From: Mateusz Guzik <mguzik@redhat.com>
To: Eric Dumazet <eric.dumazet@gmail.com>
Cc: Al Viro <viro@ZenIV.linux.org.uk>,
Andrew Morton <akpm@linux-foundation.org>,
"Paul E. McKenney" <paulmck@linux.vnet.ibm.com>,
Yann Droneaud <ydroneaud@opteya.com>,
Konstantin Khlebnikov <khlebnikov@yandex-team.ru>,
linux-fsdevel@vger.kernel.org, linux-kernel@vger.kernel.org
Subject: Re: [RFC PATCH] fs: use a sequence counter instead of file_lock in fd_install
Date: Fri, 17 Apr 2015 00:00:03 +0200 [thread overview]

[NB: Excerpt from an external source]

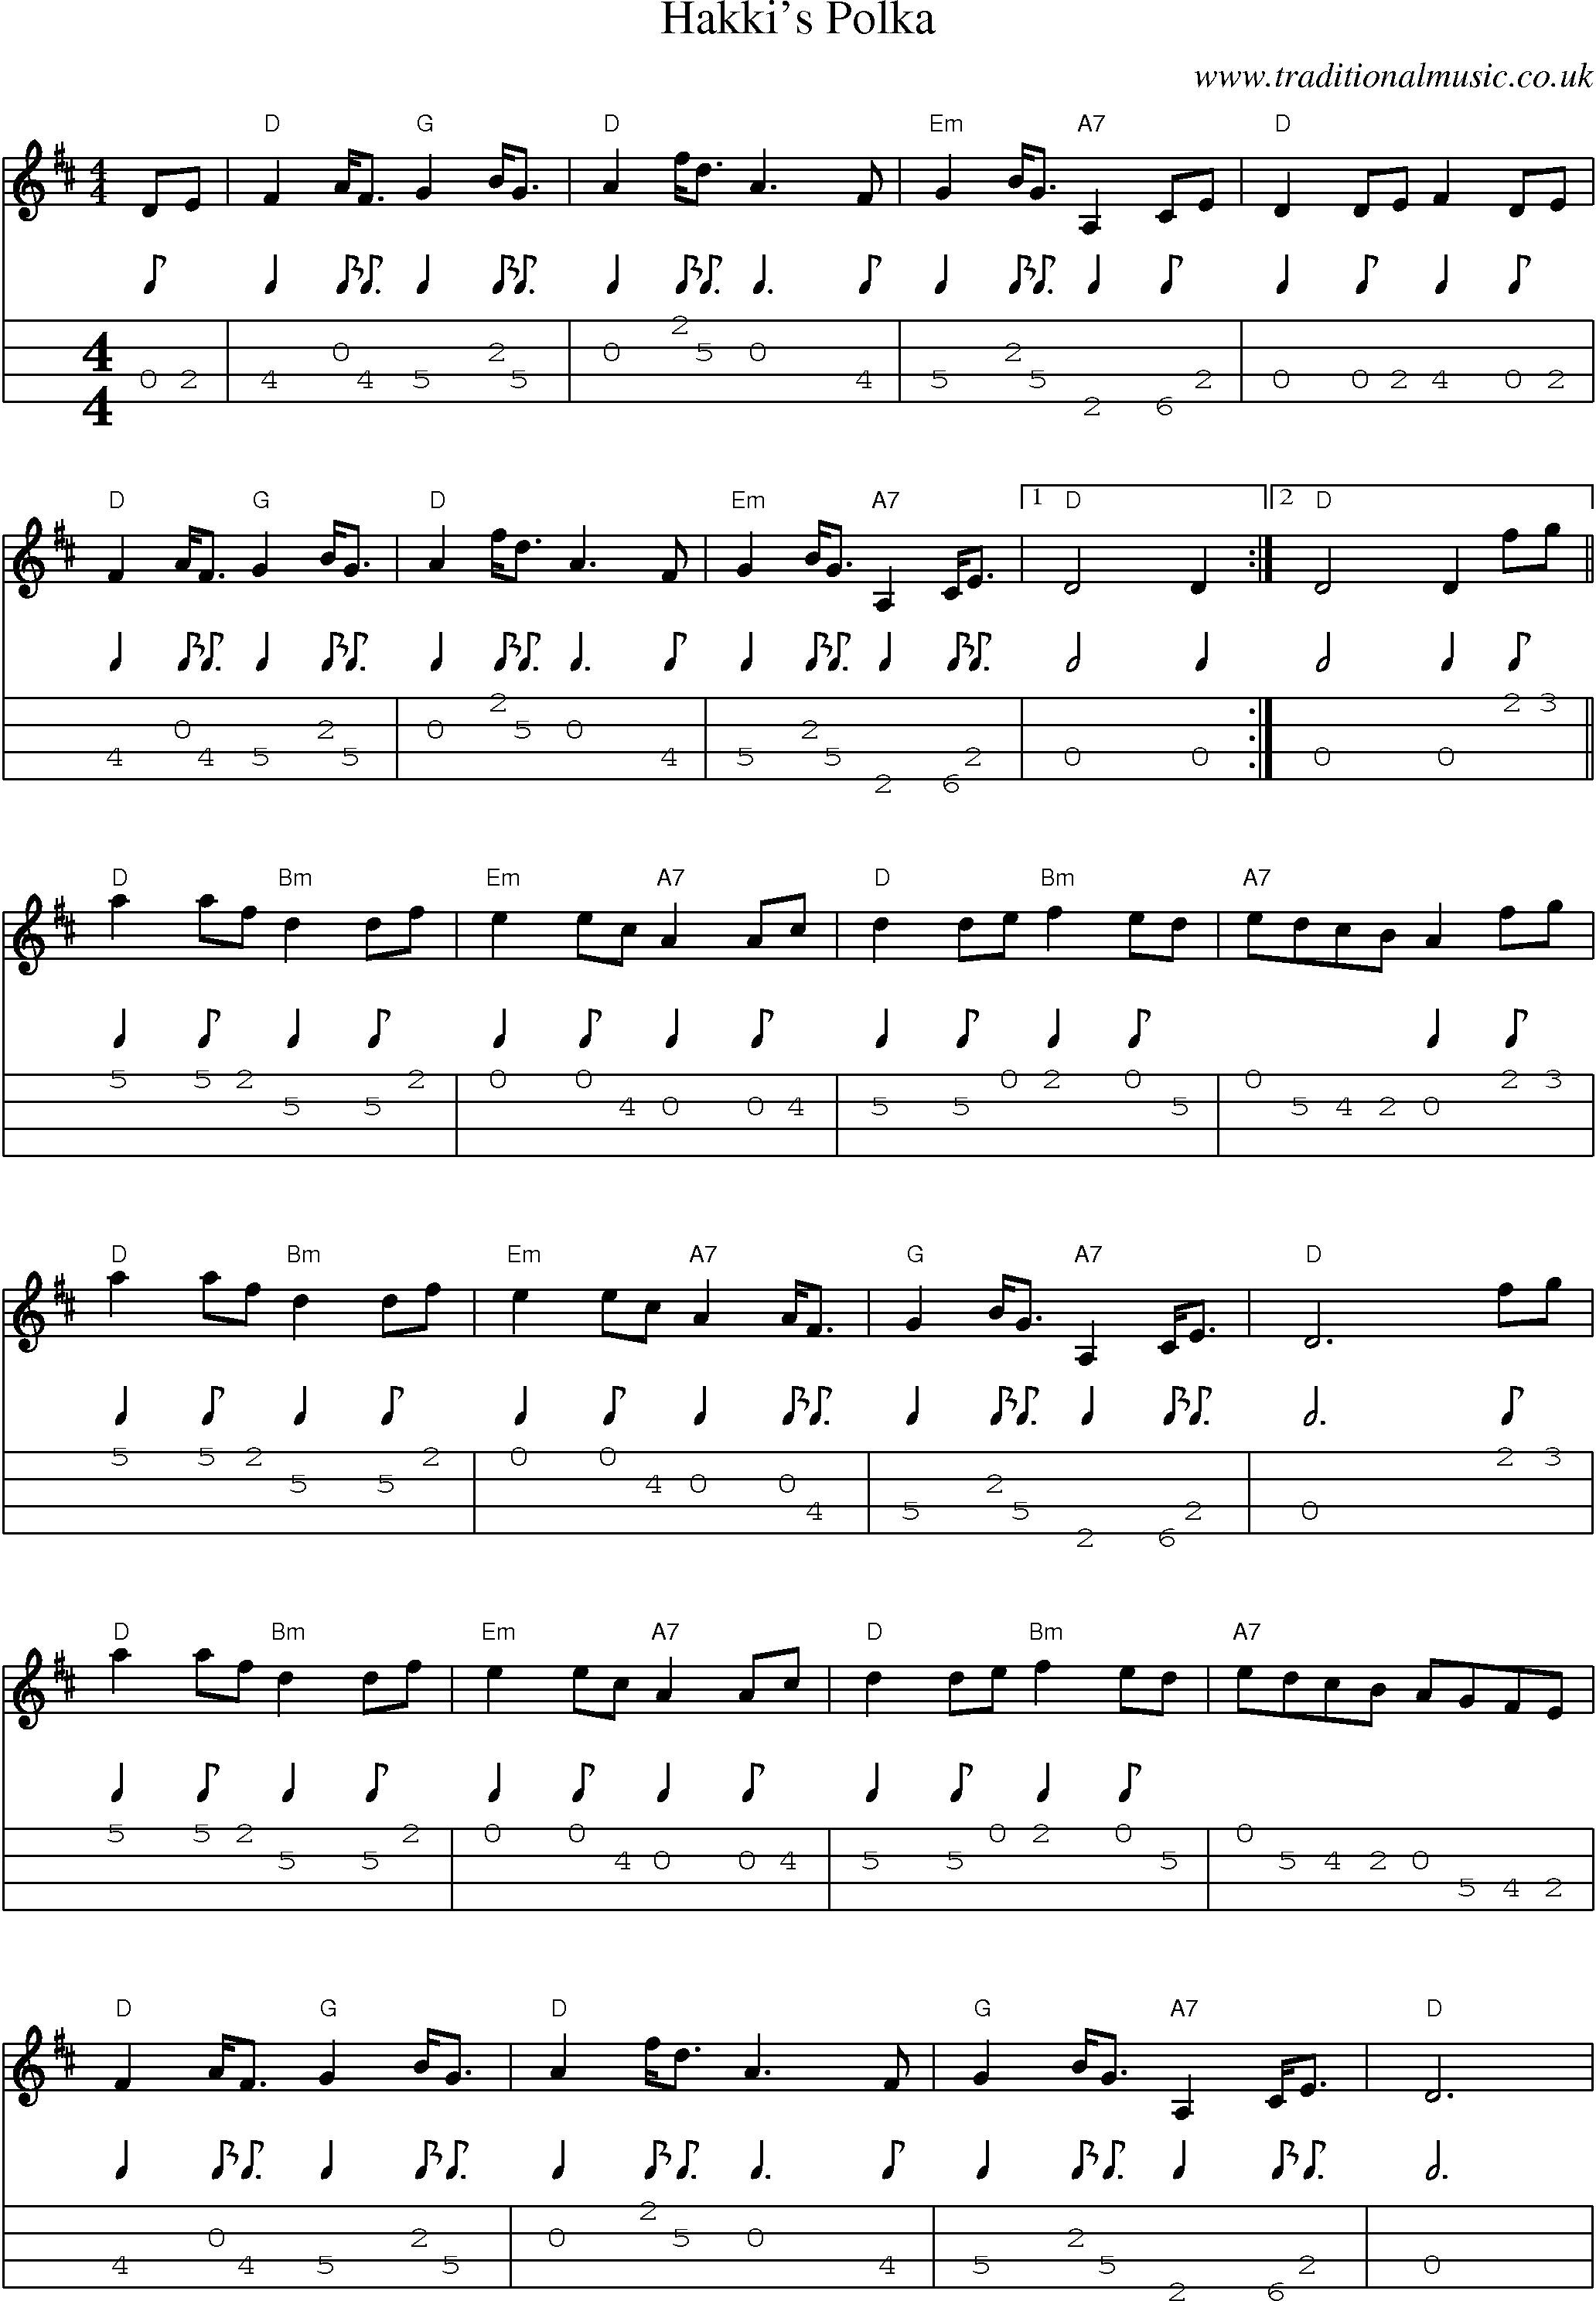 Music Score and Mandolin Tabs for Hakkis Polka

Message-ID: <20150416220002.GB20615@mguzik> (raw)
In-Reply-To: <1429217739.7346.218.camel@edumazet-glaptop2.roam.corp.google.com>
On Thu, Apr 16, 2015 at 01:55:39PM -0700, Eric Dumazet wrote:
> On Thu, 2015-04-16 at 13:42 -0700, Eric Dumazet wrote:
> > On Thu, 2015-04-16 at 19:09 +0100, Al Viro wrote:
> > > On Thu, Apr 16, 2015 at 02:16:31PM +0200, Mateusz Guzik wrote:
> > > > @@ -165,8 +165,10 @@ static int expand_fdtable(struct files_struct *files, int nr)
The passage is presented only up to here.